Tag Archives: statistics

HTML5 video: 25% H.264 reach vs. 95% Ogg Theora reach

Vimeo started last week with a HTML5 beta test. They use the H.264 codec, probably because much of their content is already in this format through the Flash player.

But what really surprised me was their claim that roughly 25% of their users will be able to make use of their HTML5 beta test. The statement is that 25% of their users use Safari, Chrome, or IE with Chrome Frame.
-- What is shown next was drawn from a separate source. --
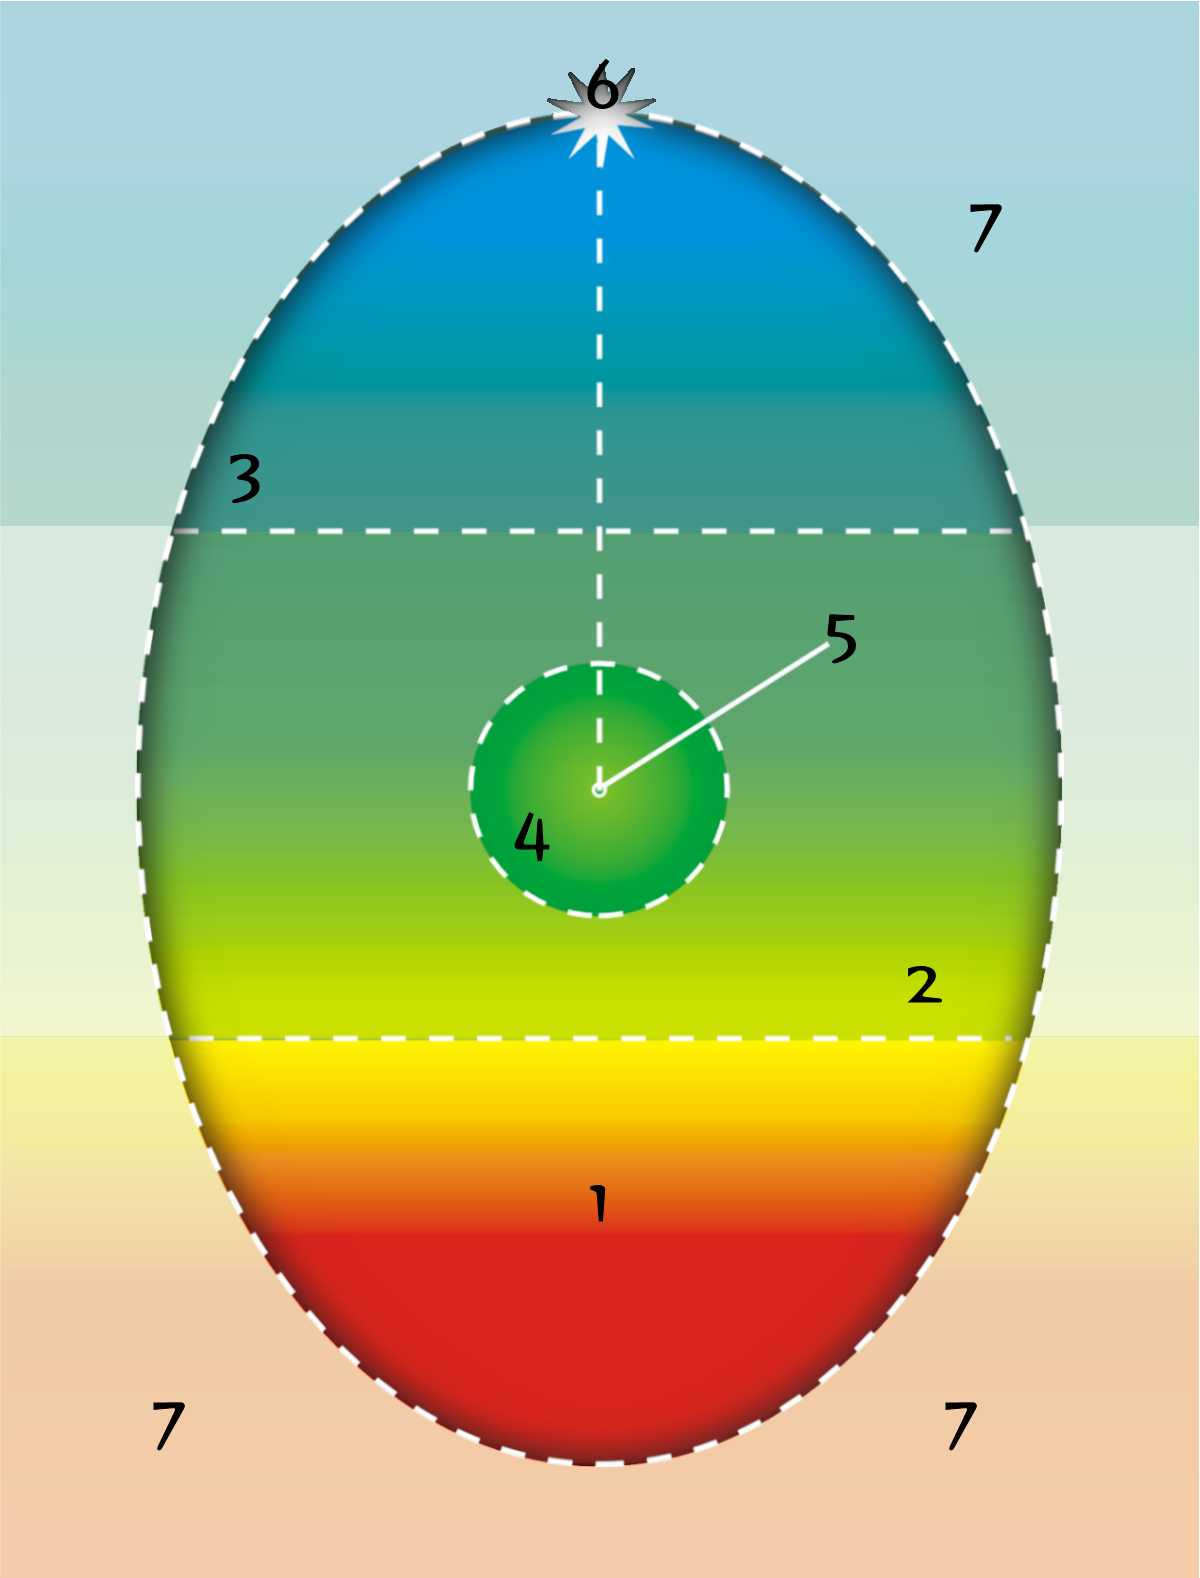 Assagioli Egg Diagram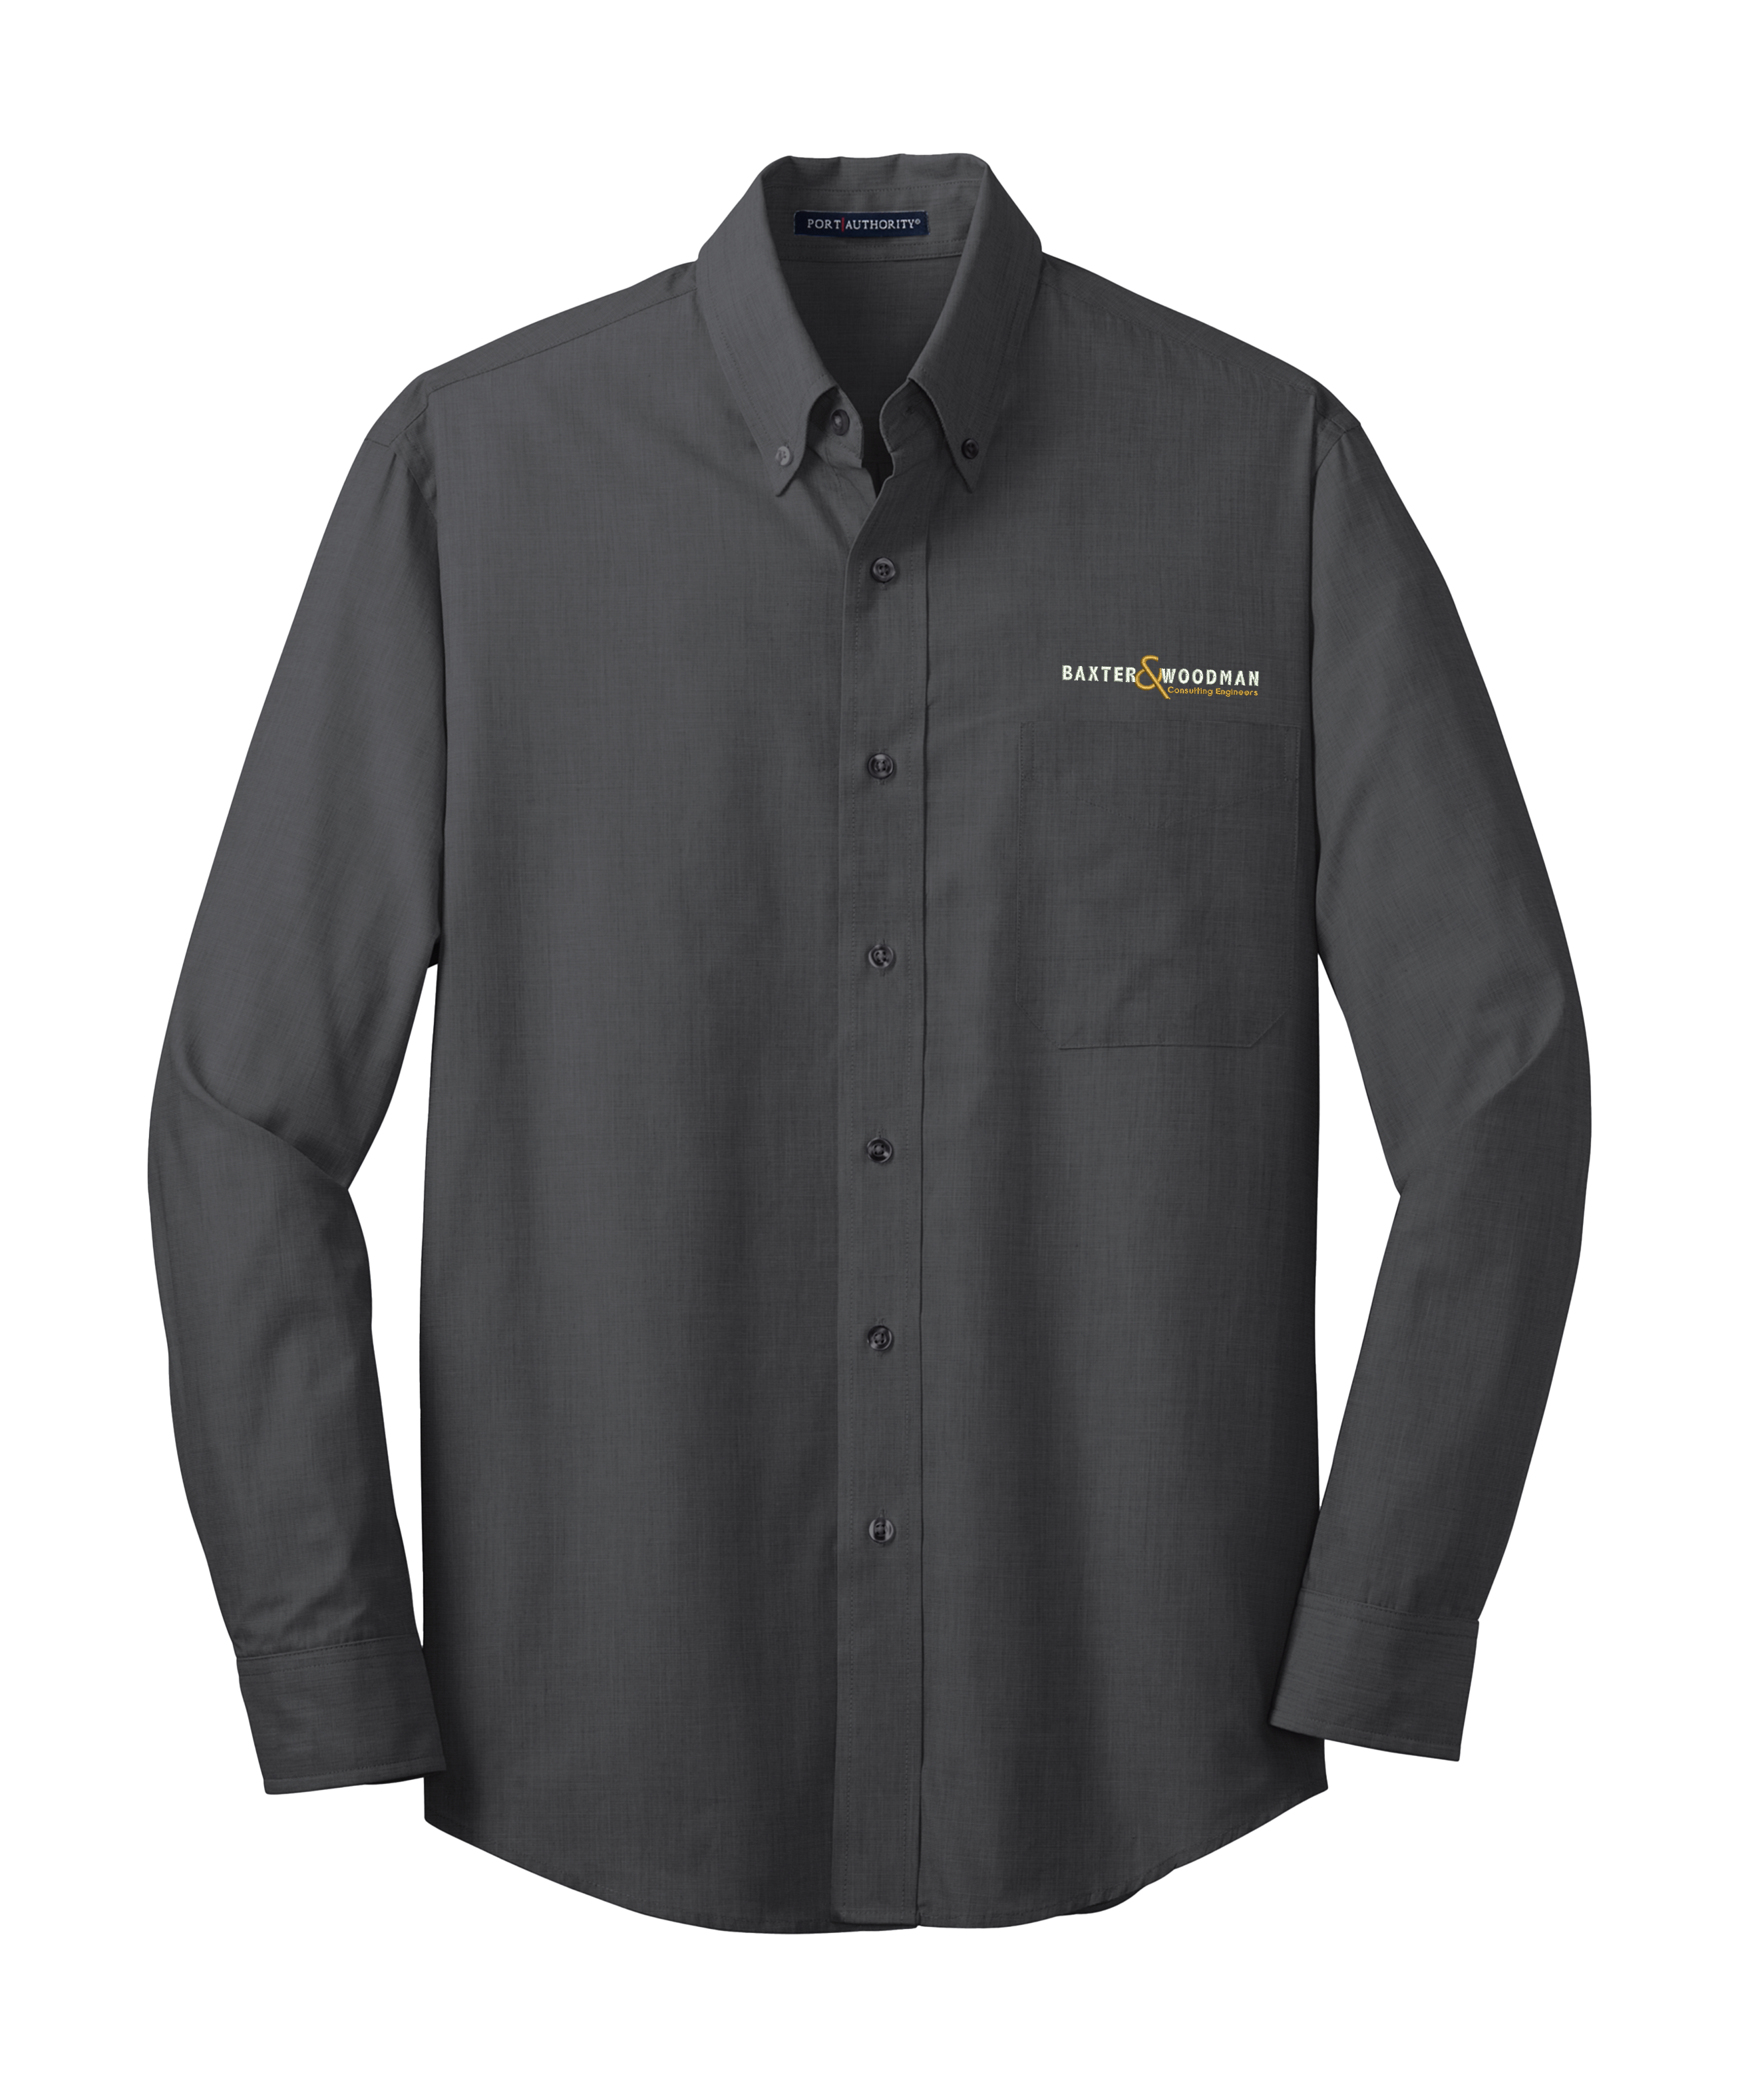 Port Authority® Crosshatch Easy Care Shirt

I wondered how they got to that number and what that generally means to the amount of support of H.264 vs Ogg Theora on the HTML5-based Web.

According to Statcounter’s browser market share statistics, the percentage of browsers that support HTML5 video is roughly: 31.1%, as summed up from Firefox 3.5+ (22.57%), Chrome 3.0+ (5.21%), and Safari 4.0+ (3.32%) (Opera’s recent release is not represented yet).

Out of those 31.1%,

8.53% browsers support H.264

and

27.78% browsers support Ogg Theora.

Given these numbers, Vimeo must assume that roughly 16% of their users have Chrome Frame in IE installed. That would be quite a number, but it may well be that their audience is special.

So, how is Ogg Theora support doing in comparison, if we allow such browser plugins to be counted?

With an installation of XiphQT, Safari can be turned into a browser that supports Ogg Theora. The Chome Frame installation will also turn IE into a Ogg Theora supporting browser. These could get the browser support for Ogg Theora up to 45%. Compare this to a claimed 48% of MS Silverlight support.

But we can do even better for Ogg Theora. If we use the Java Cortado player as a fallback inside the video element, we can capture all those users that have Java installed, which could be as high as 90%, taking Ogg Theora support potentially up to 95%, almost up to the claimed 99% of Adobe Flash.

I’m sure all these numbers are disputable, but it’s an interesting experiment with statistics and tells us that right now, Ogg Theora has better browser support than H.264.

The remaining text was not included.